If you pull back the tape on the outlet you will hopefully see that the smaller wire is going to the ground screw. Unless you are in the same strange situation that another person was in on here recently and there are no ground wires needed because they used rigid conduit all the way back to the main box as the ground. but I don’t see any conduit protruding into your 4x4 box so I doubt that’s the case.

Or possibly that other wire (if its not the ground wire that I hope it is…) is the neutral wire going to the same light that the switch controls.

Either way you are guaranteed to have an available neutral wire for a smart switch just because there is an outlet in the same box that has to have a neutral for it to work.

No grounds and I think that person was me. :slight_smile: My entire house is metal conduit with metal boxes and metal screws from the switches and outlets. Electrician said whole house is a ground or whatever so no ground wires. You can’t see the conduit as it drops in from above for this one.

From what I’ve seen and will be removing the tape today, most outlets have two hots on one side and two neutrals on the other. Two of each screw. So let’s say the two white wires on the left side of the outlet are neutrals, maybe being used as in and out or something. Should I be grouping those together and then run one wire to the outlet and one to the switch or chain them like they are doing for the hot from outlet to switch?

Ha, I think you’re right! :laughing: There are so many threads going that it’s hard to remember who is who sometimes. especially since i’m old(er). :older_man: :wink:

anyway…

It’s getting kind of complicated to try to explain what is going on because I’m not there pulling wires and doing the testing with a meter but it might be that the outlets are just being used as a junction point to feed power/neutral to the next outlet in the line.

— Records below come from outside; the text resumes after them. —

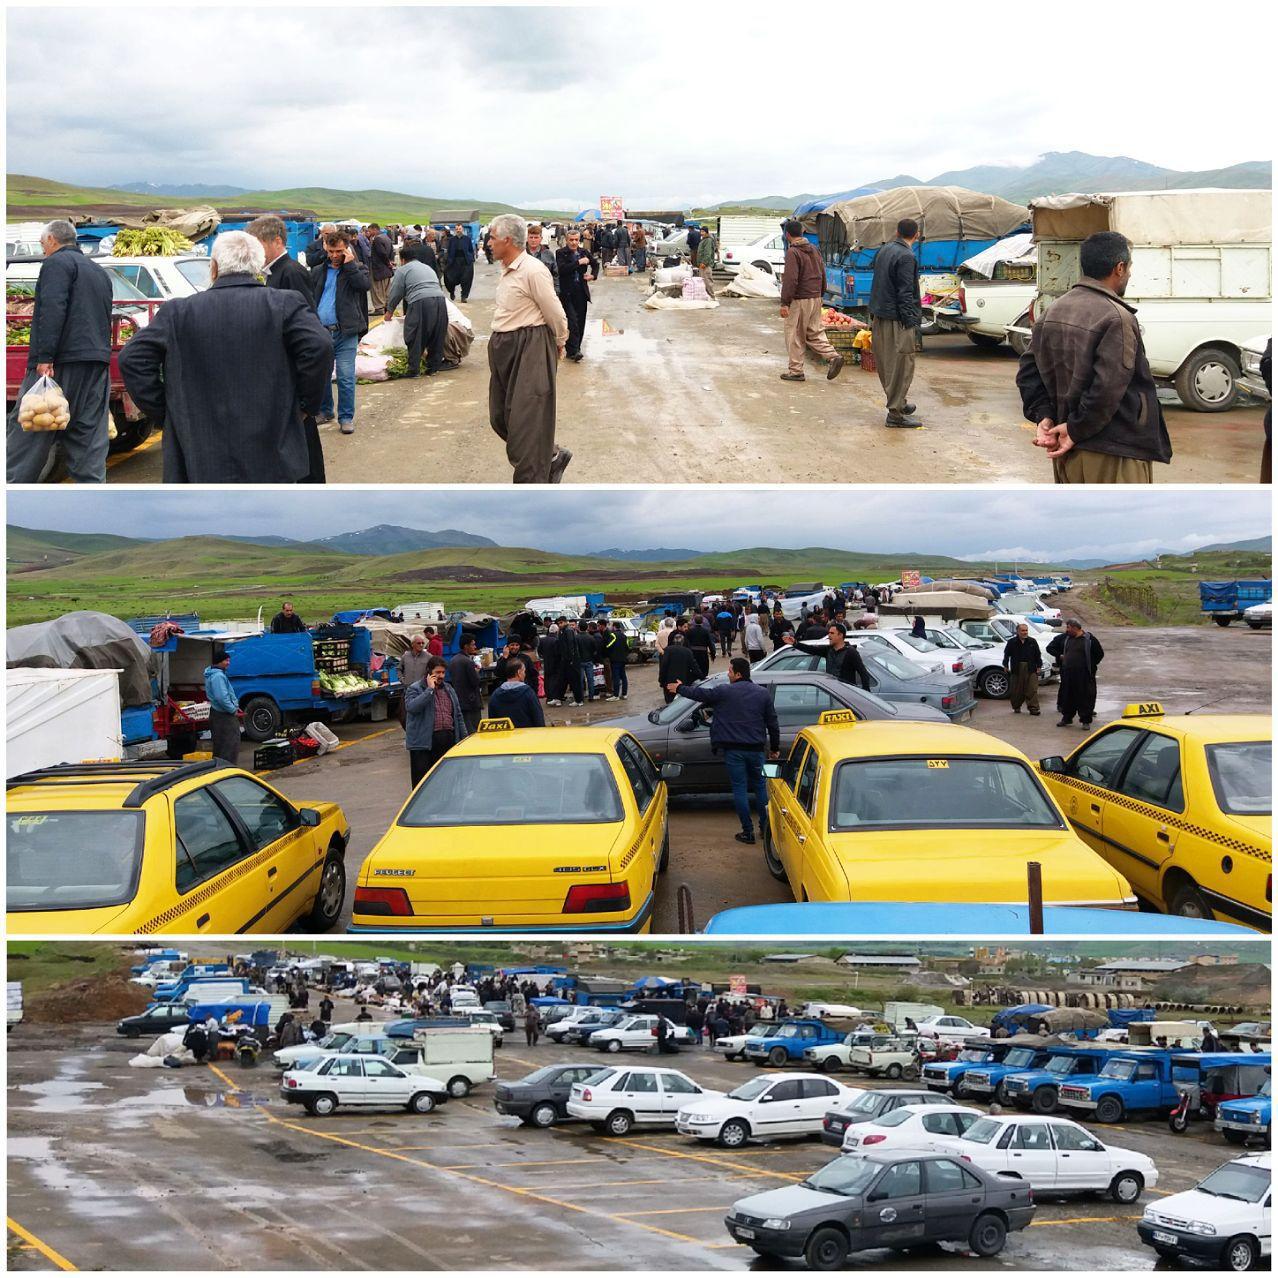 شروع بکار جمعه بازار در محل جدید زیر سایه باران و تردید/ ضرورت تسریع در ساماندهی محل+ تصاویر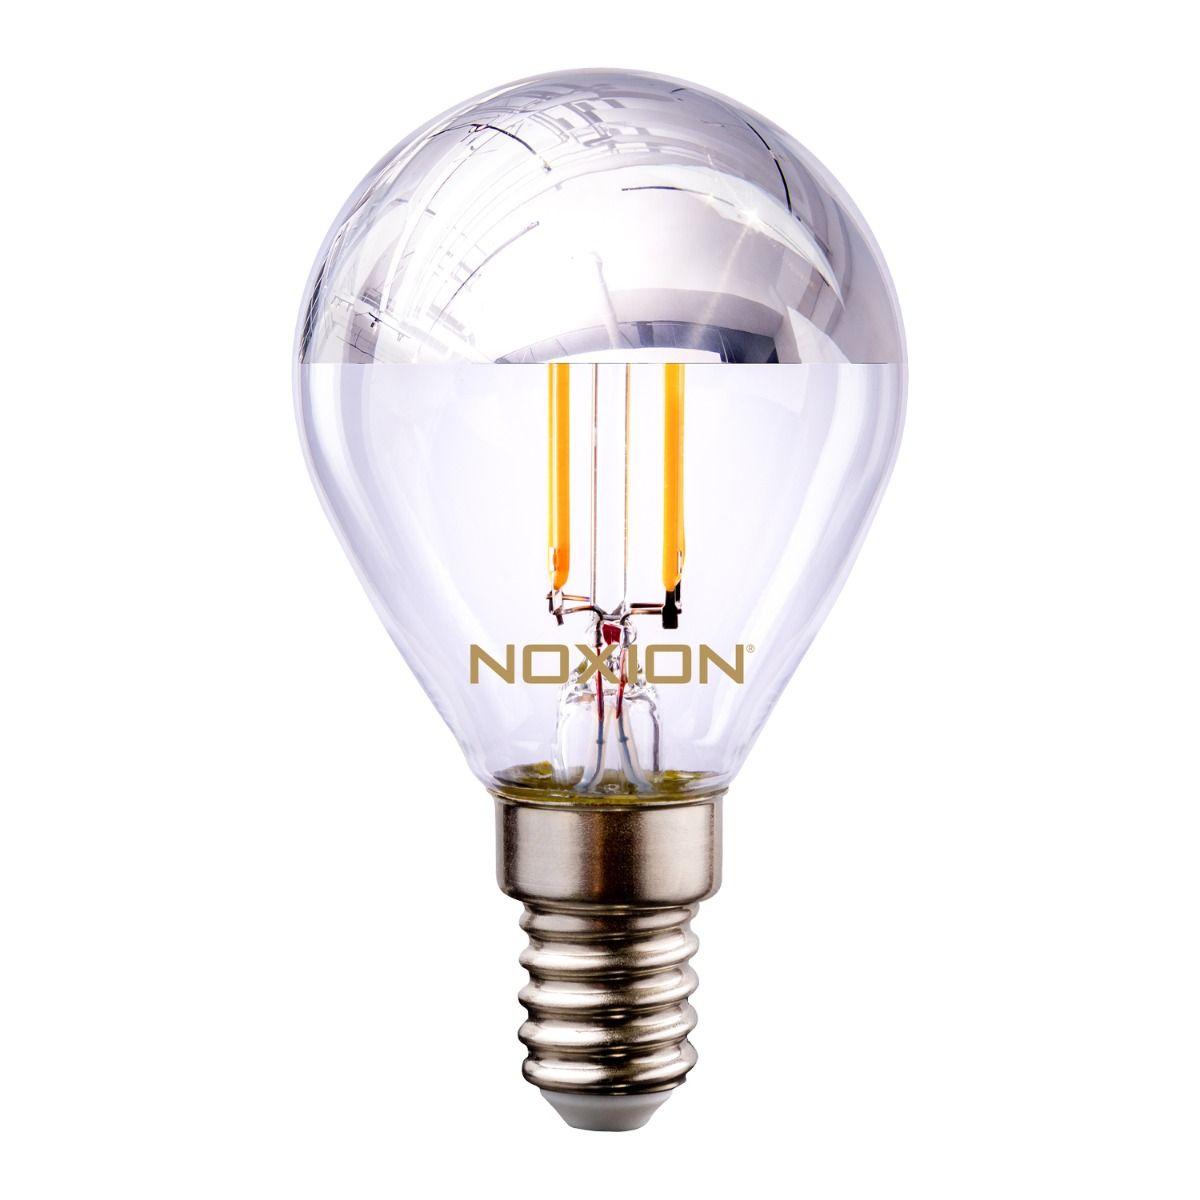 Noxion Lucent Filament LED Lustre Argent Miroir P45 E14 220-240V 4.5W 400LM CRI80 2700K ND (40W eqv)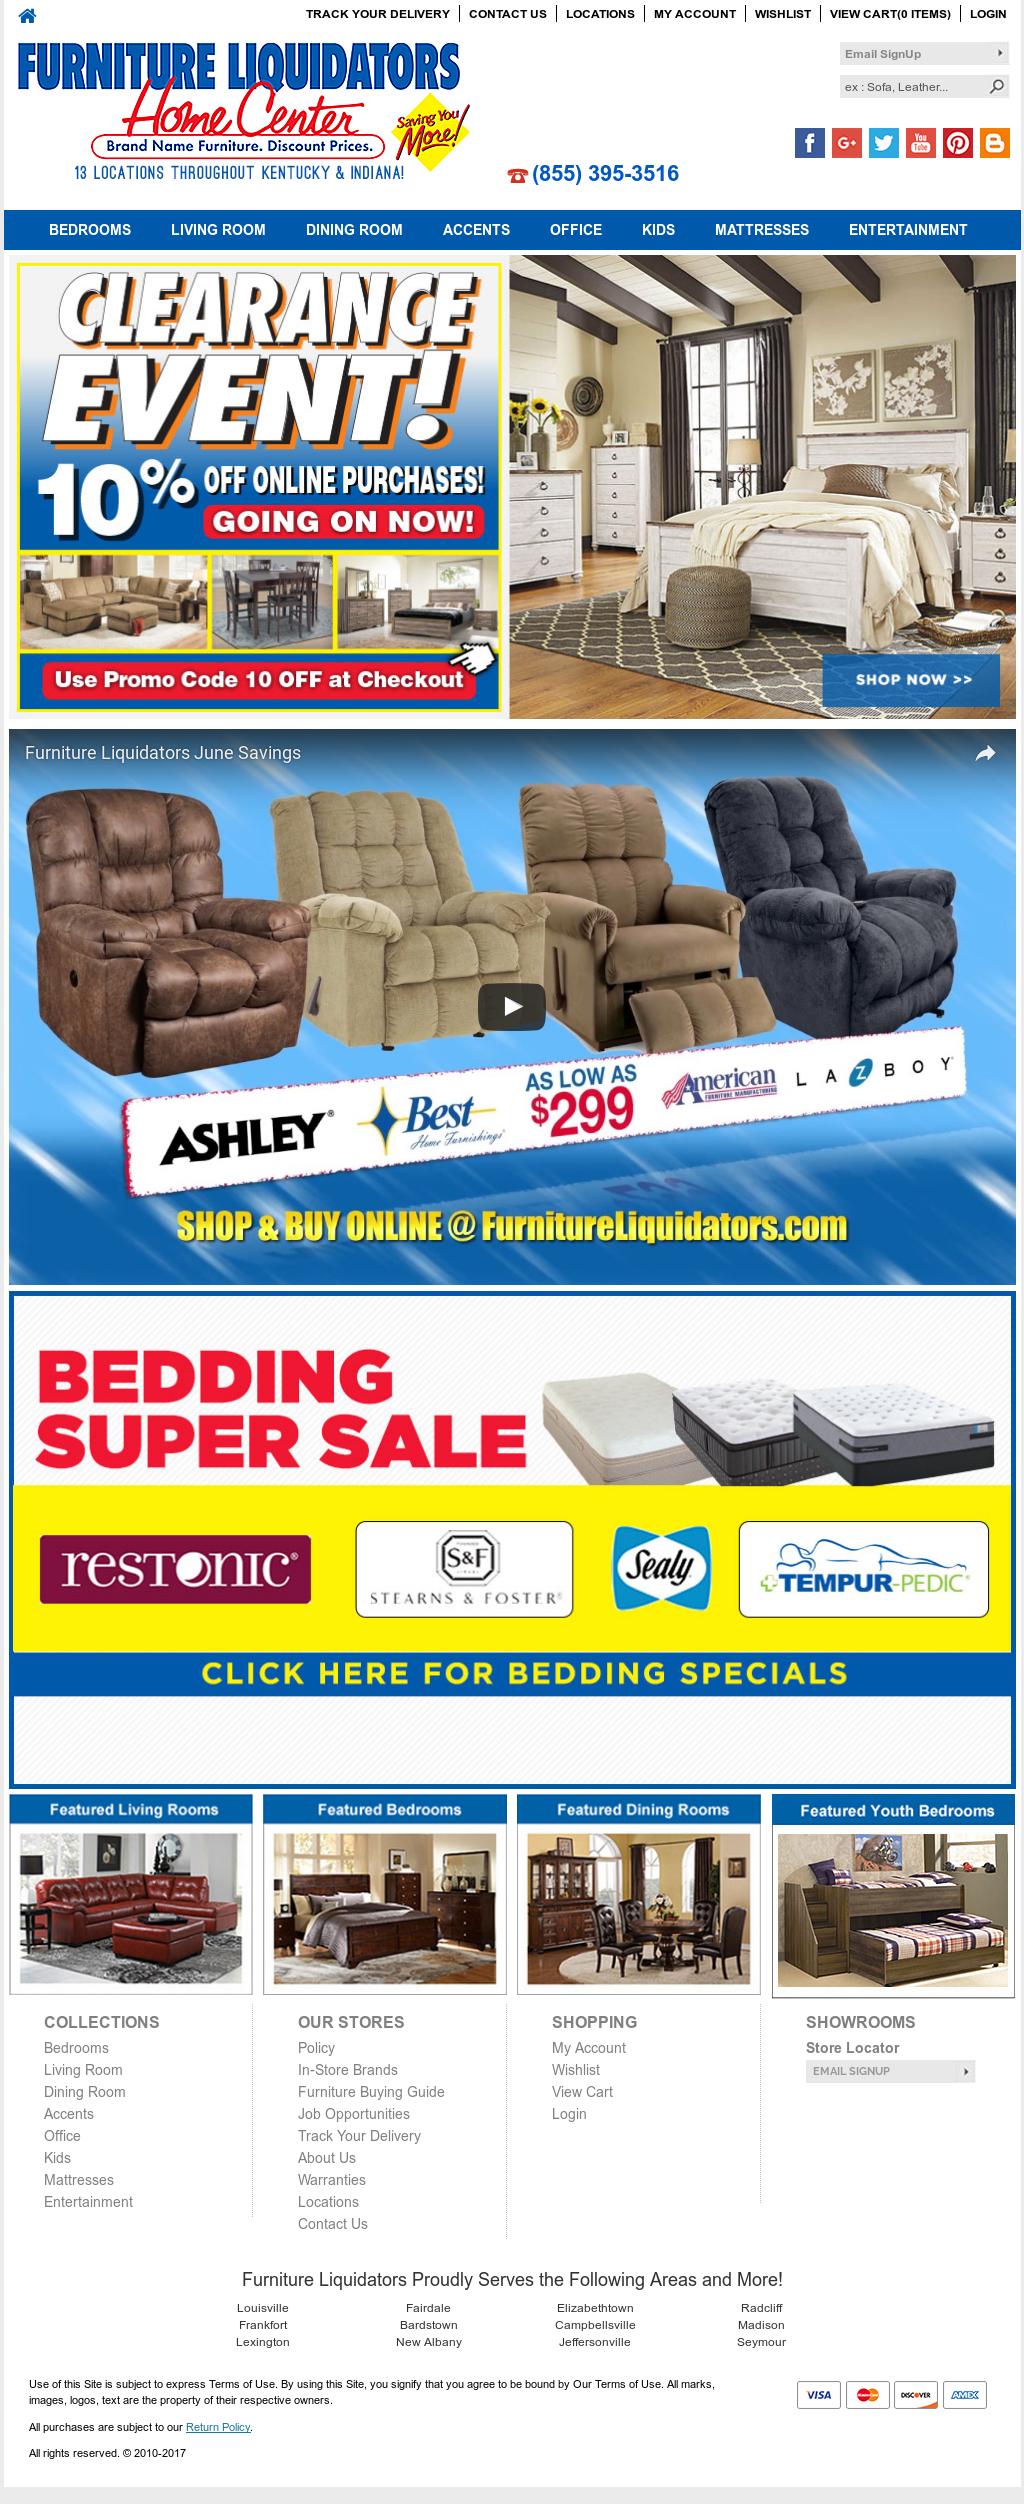 Furniture Liquidators Home Center Competitors Revenue And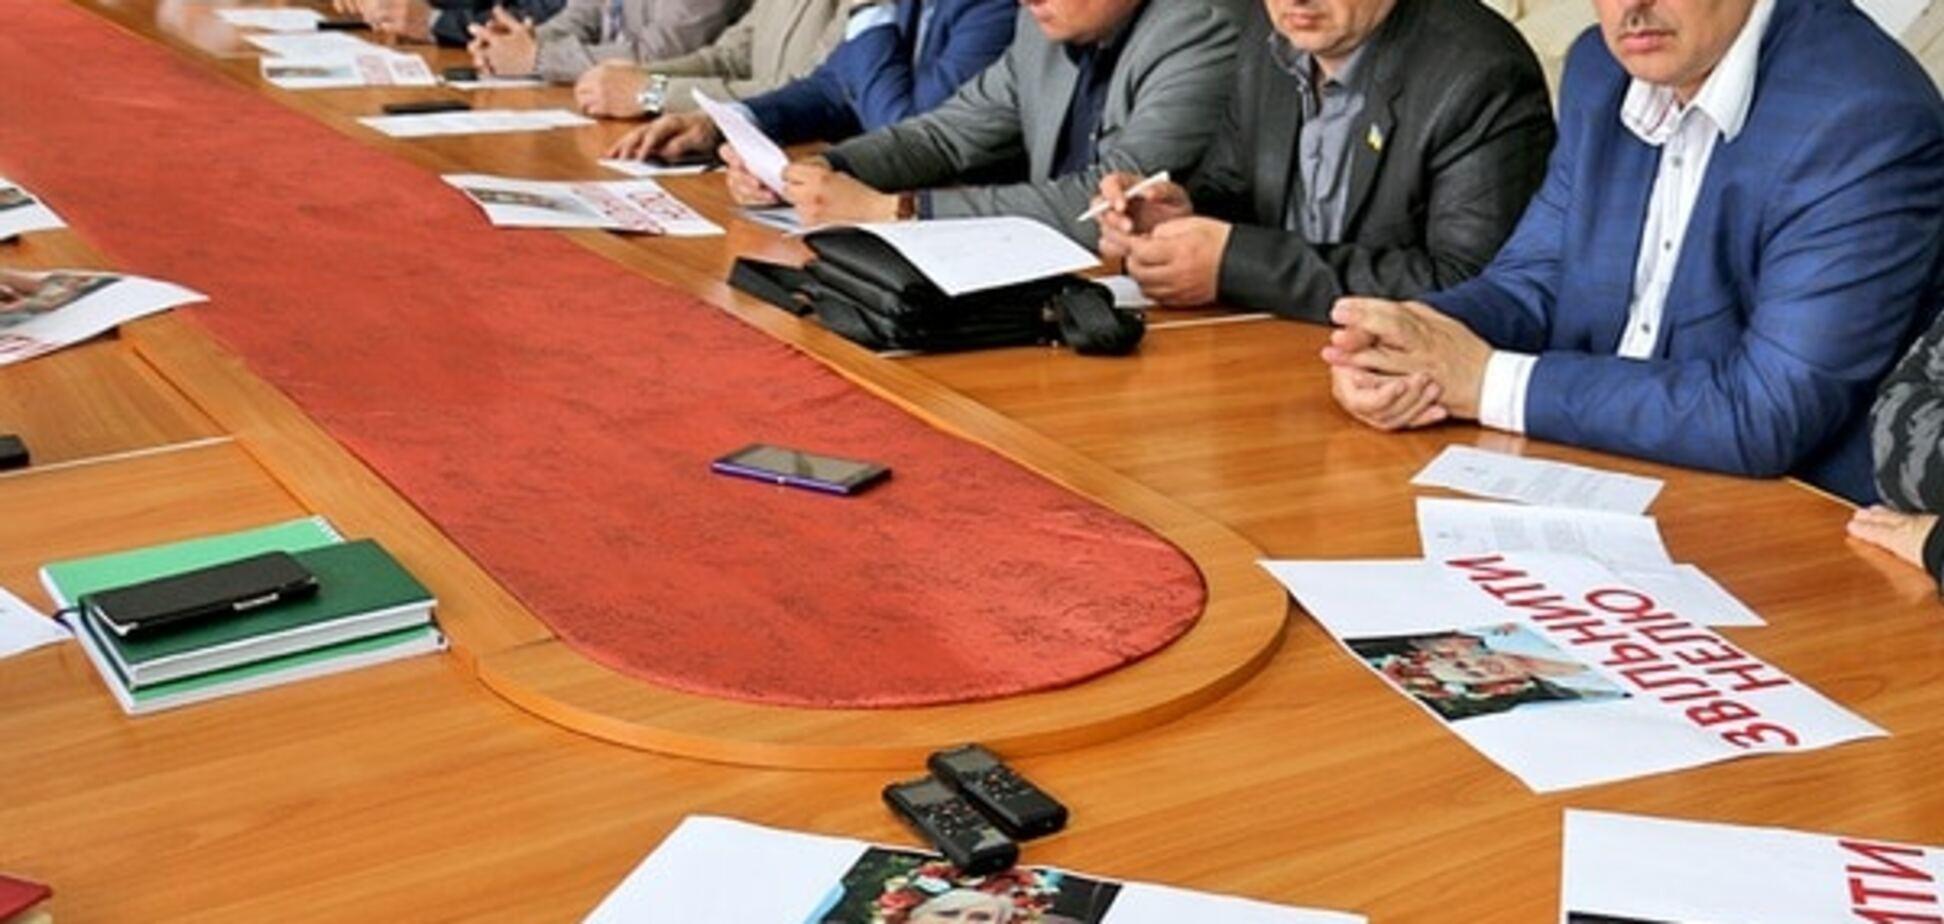 Міськрада Слов'янська проголосував за звільнення 'сепаратистки' Штепи

What I mean is that it’s likely that one set of wires comes from the direction of the main box and the other set of wires goes to the next outlet in the series in another outlet box somewhere.

However, in this particular picture it looks like you have only two wires on the hot side of the outlet and one of those goes directly to the switch that then feeds the power to the light. The other has to be the hot from the main box. And that’s why I think that the other neutral might be feeding the neutral to the light that is fed from the switch. Otherwise I wouldn’t know what it’s purpose would be.

you can probably loosen one of the screws on the neutral side and put a third wire under the terminal plate that you will then connect to the neutral terminal on the smart switch. Then the hot that you have now going to the current switch will be the hot that you feed to the new smart switch and the output of the smart switch will use the same wire going to the light that in use now.

again, it’s hard to explain without being right there or trying to draw up an elaborate diagram to show you what I mean.

If you don’t fully understand what I’m saying then hire a qualified person to do the work.

There is no reason to hurt yourself or family by doing something unsafe with your electrical system.

Here’s another view of the wiring that I took yesterday. You can see the neutral drops in from the top, into the outlet, and back up and out again or looks that way. I would assume it goes to the switch I was working on the other day, but who knows. Would seem that way.

Doesn’t look like the neutral ever goes to the switch anyway, but your last part makes total sense. Other than I’ve read it’s not usually good to loop multiple wires under the same screw. I know with my smart switch I did that but it had terminal clamps so technically could hook up four wires cleanly. One under each of the clamps on the two sides of the screw, one in the screw, and one a pushin on the back.

Of course, it depends on how your equipment is designed.

If you have just a screw with no terminal plate and the wire is wrapped around the screw itself then no you shouldn’t add any wires to it like that.

But it does look like from the latest picture that your outlet possibly has a hole on the back that you can push a wire into and screw down to connect.

But again, I will keep putting disclaimers in here…

I’m not there. I can’t see your stuff and how it’s connected or how it works now so I can’t tell you exactly what you need to do.

If you don’t understand what I’m saying hire somebody.